TACTICS.com, I jes scooped me up a set...


----------



## CERBERUS.lucid (Oct 17, 2013)

Custom Haus


----------



## CERBERUS.lucid (Oct 17, 2013)

UNION INHOUSE said:


> VAN'S 20TH ANNIVERSARY
> 
> https://vimeo.com/78260262


DAyyyummm... those are sick!:thumbsup:


----------



## bseracka (Nov 14, 2011)

Hey Union what's the difference between the atlas 3 and force 4 baseplate? It seems like this is the only difference in these bindings, correct?


----------



## jdang307 (Feb 6, 2011)

UNION INHOUSE said:


> Next up - The Scott Stevens Pro Model. :bowdown:
> 
> Info on where to buy is listed in the video description.
> 
> https://vimeo.com/78213103


These look sick! Can you describe the flex/board match? Sounds pretty soft though right? Judging by Steven's style (and contact description)


----------



## Jibfreak (Jul 16, 2009)

Killin it over there Horhey! Bring back those Iuter clan collabos!!


----------



## UNION INHOUSE (Nov 13, 2012)

bseracka said:


> Hey Union what's the difference between the atlas 3 and force 4 baseplate? It seems like this is the only difference in these bindings, correct?


If they are injected with the exact same Dupont Zytel ST material, the Force is more stiff. It also rides a little damper.

But put raw injection (like on factory) or carbon (like charger) and they are stiffer than the Force.


----------



## UNION INHOUSE (Nov 13, 2012)

Jibfreak said:


> Killin it over there Horhey! Bring back those Iuter clan collabos!!


Haha. I have no idea who this is, but thanks. It's a group effort.


----------



## jcam1981 (Jan 22, 2012)

UNION INHOUSE said:


> Next up - The Scott Stevens Pro Model. :bowdown:
> 
> Info on where to buy is listed in the video description.
> 
> https://vimeo.com/78213103


Are these the exact same baseplate as the contact pro? The front looks a little different then the standard contact pros.


----------



## BigmountainVMD (Oct 9, 2011)

UNION INHOUSE said:


> If they are injected with the exact same Dupont Zytel ST material, the Force is more stiff. It also rides a little damper.
> 
> But put raw injection (like on factory) or carbon (like charger) and they are stiffer than the Force.


Are the Asymbol bindings the same as the Factory? Just want to make sure they have that 2.5 canting.

Edit: The video makes it seem like yes, it is just different art on the Factory bindings.


----------



## scotty100 (Apr 3, 2012)

UNION INHOUSE said:


> If they are injected with the exact same Dupont Zytel ST material, the Force is more stiff. It also rides a little damper.
> 
> But put raw injection (like on factory) or carbon (like charger) and they are stiffer than the Force.

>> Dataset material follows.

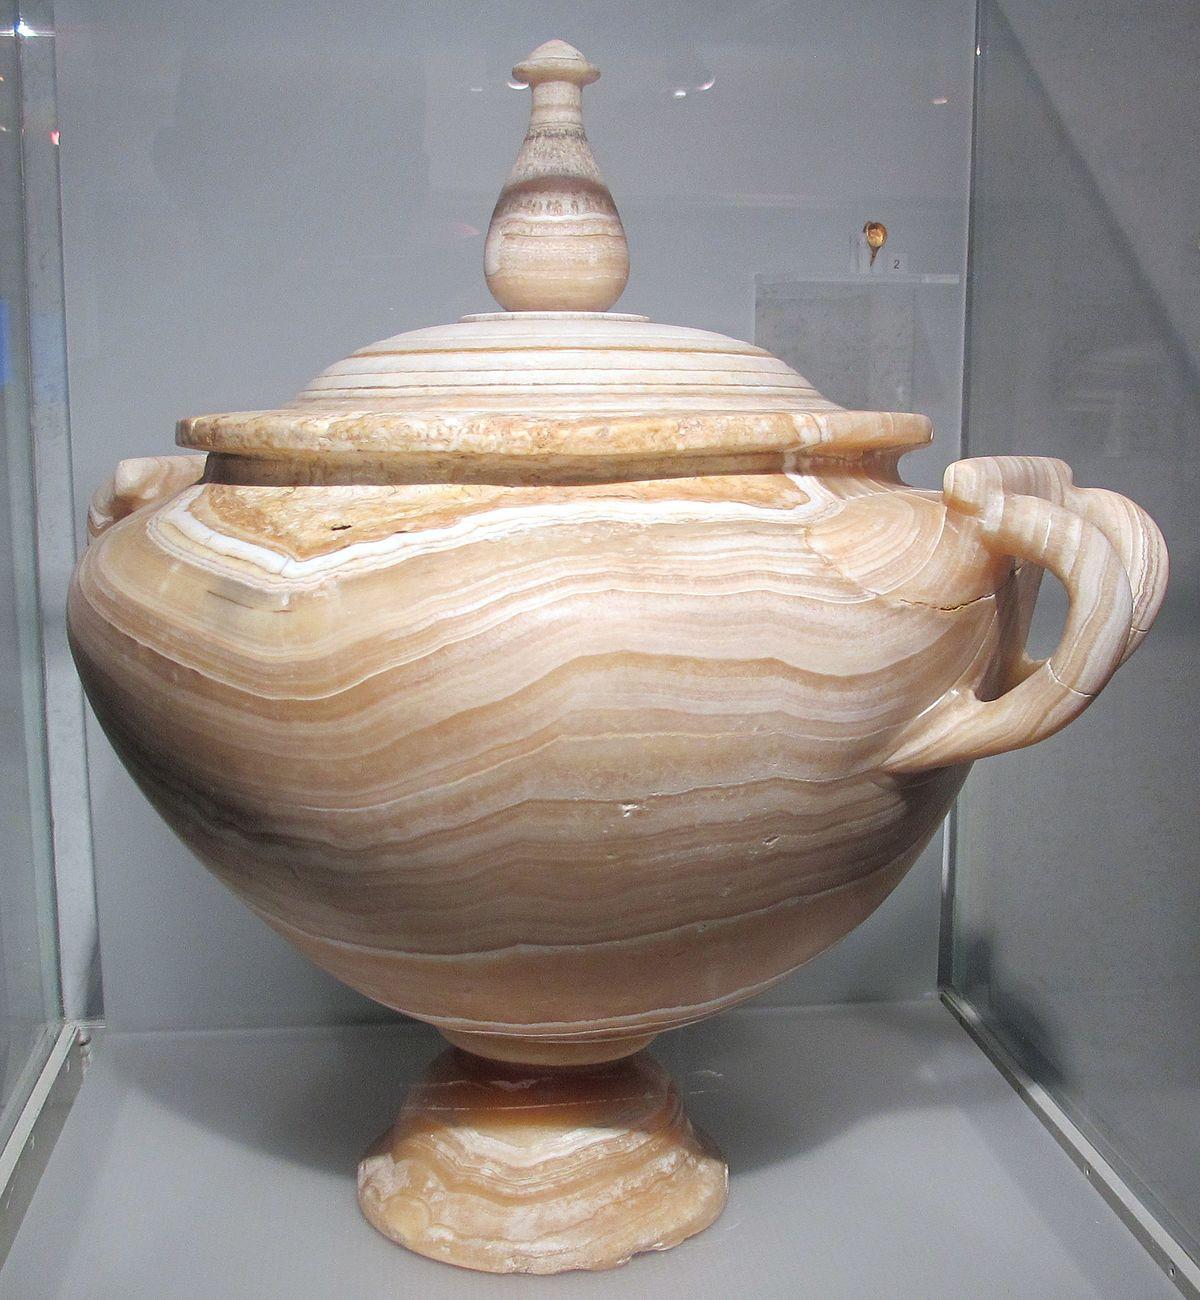 large ceramic vases and urns of urn wikipedia with regard to 1200px urna cineraria in alabastro da abbazia delle tre fontane via laurentina 0 50 dc ca jpg

Hi Union Inhouse...I know binding "stiffness" is somewhat subjective and there are many different variables that go into the mix when judging how stiff a binding is other than just the highback etc. But don't you think it would be a good idea to have some breakdown on the Union website that outlines some sort of stiffness "rating" for each binding? Even something at a high level to guide potential buyers where to start looking might be helpful...maybe something along the lines of "this binding pairs well with this capita board..." etc.?

I ask because if you parse out the questions you get asked on this forum I reckon more than 50% are on binding stiffness...just a thought.


----------



## madmax (Sep 10, 2013)

BigmountainVMD said:


> Are the Asymbol bindings the same as the Factory? Just want to make sure they have that 2.5 canting.
> 
> Edit: The video makes it seem like yes, it is just different art on the Factory bindings.


Got me a pair of these bad boys - they are the Factory just with Mike Parillo art. Definitely have the canting. Can't wait to get on these.


----------



## madmax (Sep 10, 2013)

Almost too pretty to ride


----------



## BigmountainVMD (Oct 9, 2011)

Good to hear. Mine should be arriving any day now. First time I've purchased anything other than Burton Bindings in 11 years!


----------



## UNION INHOUSE (Nov 13, 2012)

jcam1981 said:


> Are these the exact same baseplate as the contact pro? The front looks a little different then the standard contact pros.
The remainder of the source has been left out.